Hubert. Jeune enfant, il le faut.
Arth. - Et le ferez-vous ?
Hub. Je le ferai.

Arth. En aurez-vous le courage? Quand vous avez eu seulement mal à la tête, j'ai attaché mon plus beau mouchoir autour de votre front; c'était une princesse qui l'avait travaillé pour moi..... Au milieu de la nuit , j'appuyais votre tête sur ma main..... Pour vous empêcher de sentir le poids du temps, je vous demandais à chaque minute : Que vous manque-t-il ? Où est votre mal ? Quel service d'amitié puis-je vous rendre ? Il y a bien des enfants de pauvres gens qui fussent restés dans leur lit et ne vous eussent pas dit un seul mot de tendresse, tandis que vous aviez un prince pour vous servir dans votre maladie. Peut-être pensez-vous que mon affection n'était qu'une affection artificieuse, et lui donnez-vous le nom de ruse? Croyez-le, si vous le voulez : si c'est la volonté du ciel que vous en agissiez mal avec moi, il faut bien que vous le fassiez..... Pourrez-vous m'arracher ces yeux, ces yeux qui jamais ne vous ont regardé et jamais ne vous regarderont avec colère ?

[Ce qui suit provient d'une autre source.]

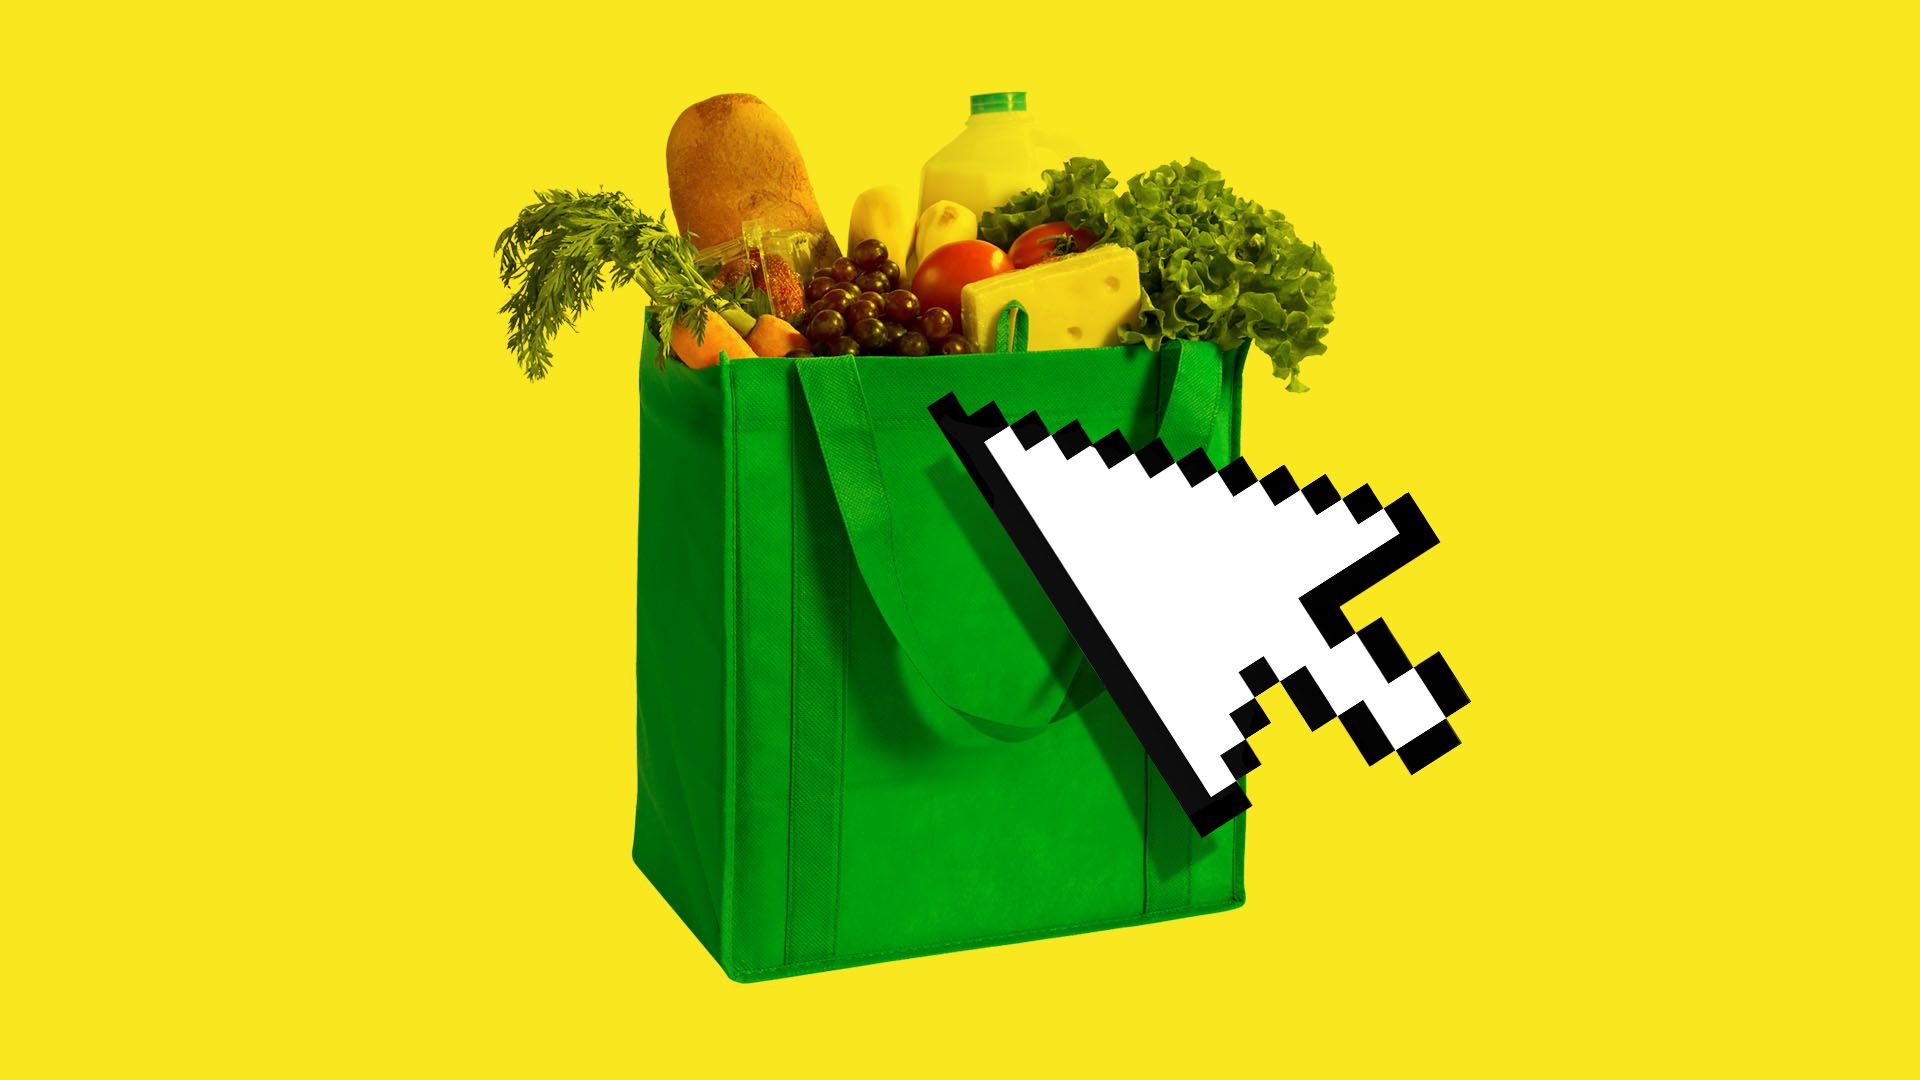 In this illustration, a large digital mouse clicks on a bag of groceries

Hub. - J'ai juré de le faire; il faut donc que je vous les brule avec un fer chaud.....

Arth. Ahl sauvez-moi, Hubert , sauvez-moi. Je sens mes yeux se flétrir, seulement à voir les affreux regards de ces hommes sanguinaires.

Hub. (Aux Bourreaux.) — Donnez-moi ce fer, vous dis-je, et liez l'enfant.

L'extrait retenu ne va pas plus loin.